This is a not a theoretical problem. In 2009, Twitter’s internal systems were compromised when an attacker systematically evaluated Twitter employee’s personal accounts looking for potential points of access. The attacker realized that one employee registered a Gmail account using a Hotmail account that had since been marked inactive.

Hotmail recycled the Twitter employee’s account as it had been inactive more than a year and so the attacker simply registered the old username and then used it to reset the current Gmail password. The attacker then found messages in the Gmail account that contained plain text passwords and correctly guessed that the password had also been the Gmail password and simply reset the password to the old password to remain unnoticed. The hacker then used his access to the Gmail account and passwords to compromise other personal accounts of the employee and then those of other employees. One compromise led to another and eventually the hacker gained access to internal Twitter systems.

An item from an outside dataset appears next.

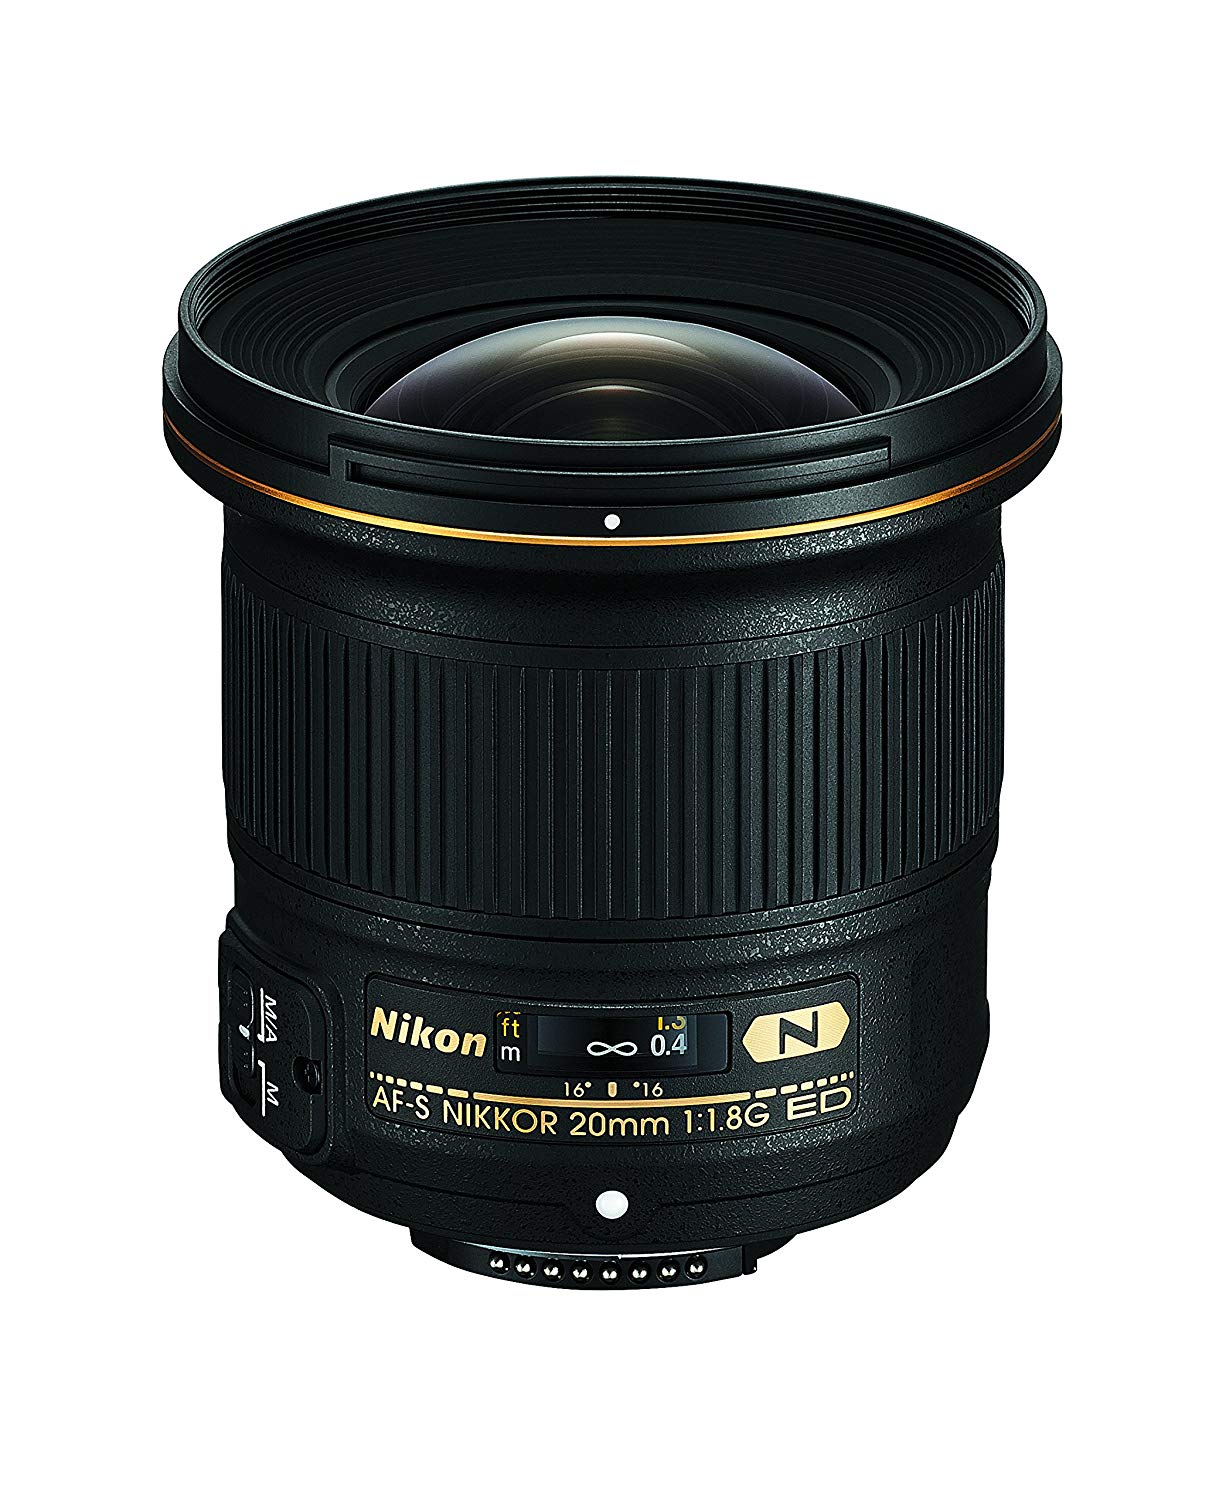 Nikon AF-S FX NIKKOR 20mm f / 1.8G ED Фиксированный объектив с автофокусом для цифровых зеркальных фотоаппаратов

He downloaded hundreds of internal documents, posted screen shots proving his exploits and released more than 300 internal documents to Techcrunch.

Domain Names

The rules and policies under which domain names expire and may be transferred to other parties are complex and vary widely–both by registrar, TLD, and ccTLD–but in general this is not much more than two months and after two to three months the domain will be resold. Here is a brief overview to give you a sense of the time frame and the complications related to expiring domain names.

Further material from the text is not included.